September 9, 2004 Nashua, NH--Startup Prima Luci (White Plains, NY) announced that it had raised $2 million in private funding last week. Incorporated in March 2001, the optical component company is continuing to develop prototypes of its first product, an all-photonic dispersion compensation device. Co-founder and Chief Scientist Dr. Arie Shahar discussed the company's technology roadmap with Kathleen Richards, Lightwave senior editor.
The dispersion compensation device, announced at the Optical Fiber Communications Conference and Exhibition in February, is the first product on a roadmap of components and subsystems developed from the company's core technology, which is based on light controlling light by its own properties without the need for external control signals. Prima Luci is developing what it describes as building blocks for all-photonic components. The components will be constructed using monolithic integration on a chip developed from gallium arsenide and indium gallium arsenide phosphide. The company has filed 26 patents. A patent for the core technology was awarded in February 2003.
"The general principal is based on receiving the optical signal, and splitting it into multiple paths," says Shahar. "In each optical path, there is phase shifting media, and after propagating through the multiple optical paths, we recombine all those signals in special different timings, which means each optical path has a different optical delay. In this configuration, by controlling the amount of the phase shift and the structure of the different timing in which all those signals are recombined, we can achieve different functionalities, and everything is done by the path itself, there is no need for external control."
Engineering samples of the dispersion compensation device, which is designed to correct both polarization mode dispersion and chromatic dispersion, are expected to be ready for evaluation in the first quarter of 2005. Unlike some other approaches, where the dispersion compensation device tries to identify the cause of the dispersion and then reverse the process, Prima Luci's dispersion corrector was developed to address the broadening of the input signal by "chopping" it back to its original width.
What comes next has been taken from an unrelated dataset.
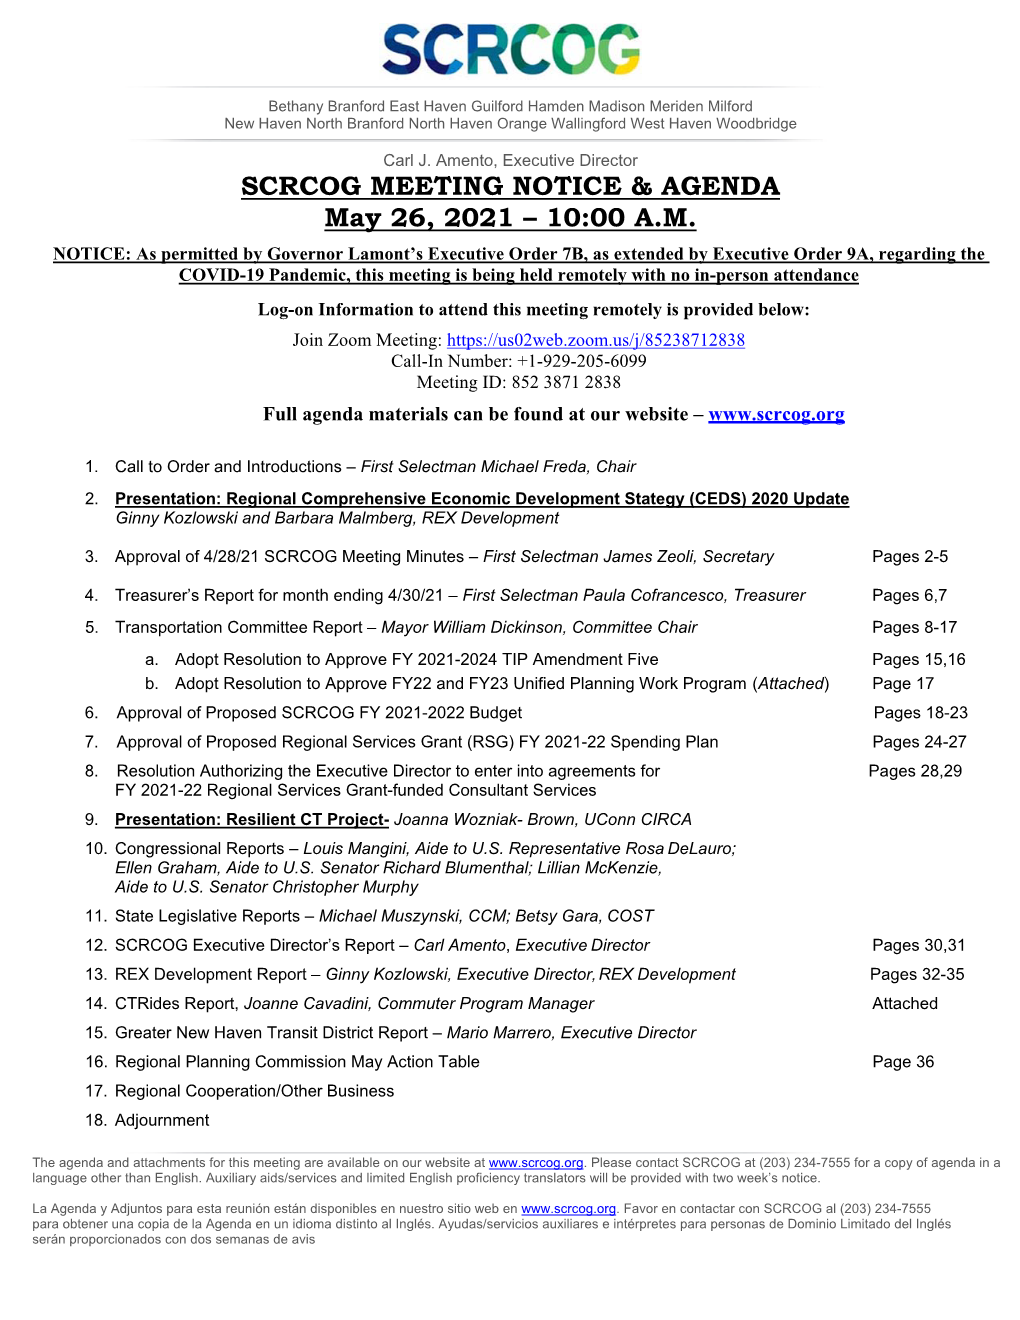 May 2021 SCRCOG Board Agenda

Of the two patents awarded to the company thus far, one covers the core technology, and the other covers the method for the "all-photonic chopping," according to Shahar. Six optical systems manufacturers have requested engineering samples of the dispersion corrector.
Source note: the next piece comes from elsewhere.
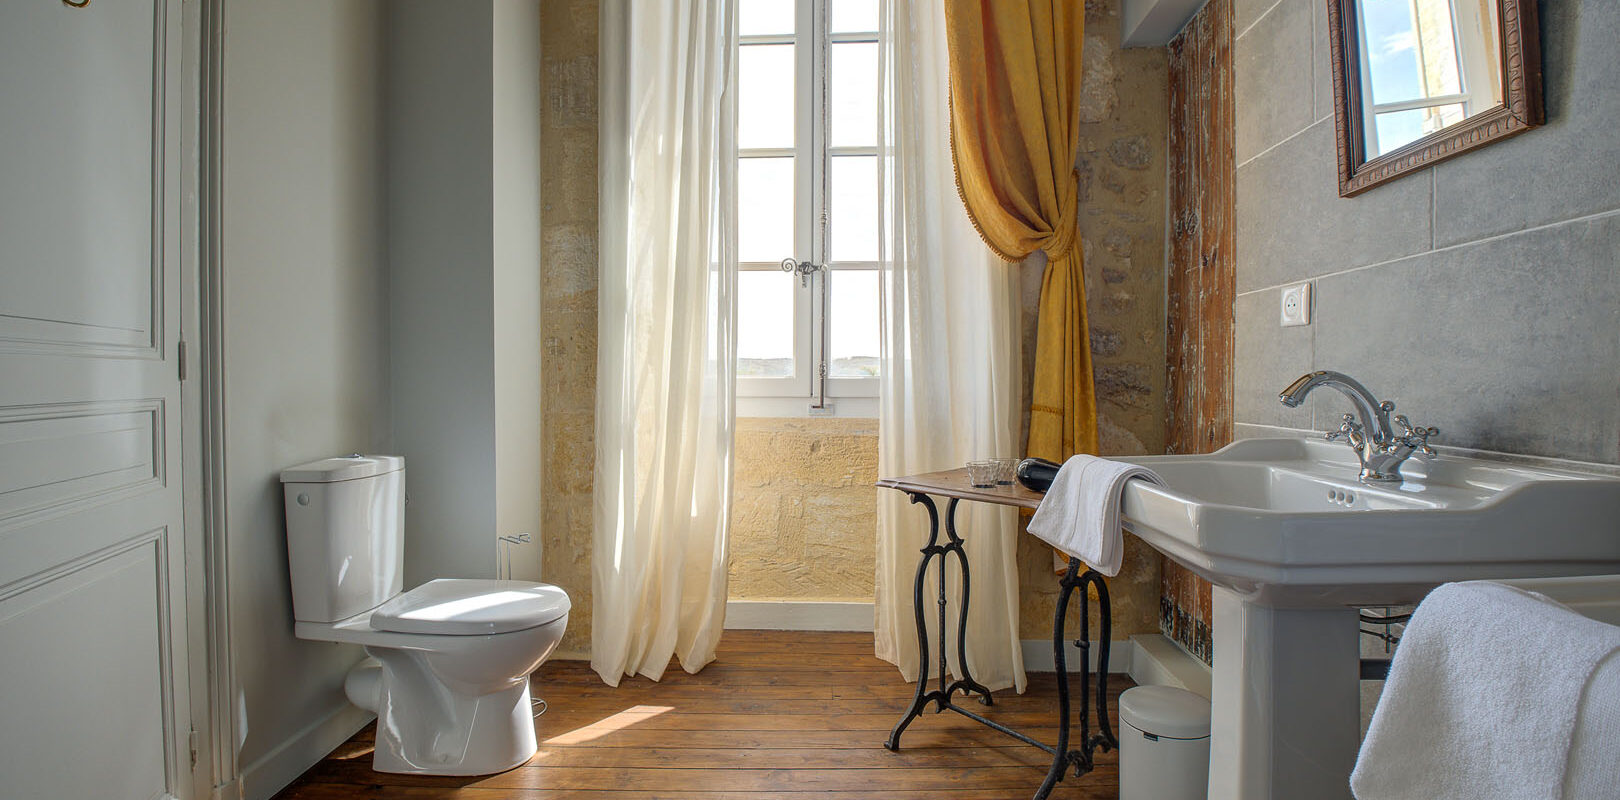 A bathroom at Le Prieuré gîte in Saint-Cyprien, by Peridoors

The dispersion corrector, which can support up to 160 Gbits/sec, is based on only one of five building blocks the company is developing using its core technology. "All of the building blocks have exactly the same physical structure," explains Shahar. "The different functionalities are achieved by different selections of the inputs and the outputs of the device." The five building blocks that will be used as the basic units to form modular structures for various applications include an all-photonic threshold device, chopper, 1x2 switch, header reader, and a passive code responsive gate. One or more of these building blocks could serve as the basis applications such as a 1x2 switch, signal-to-noise ratio enhancement, high speed modulator, wavelength conversion, packet routing, packet optical crossconnector, or logic gates for optical computing.
A fabless manufacturer, Prima Luci plans to license its intellectual property and also sell products direct. Frank Colocia, co-founder and chief executive officer, is the seed investor in the company.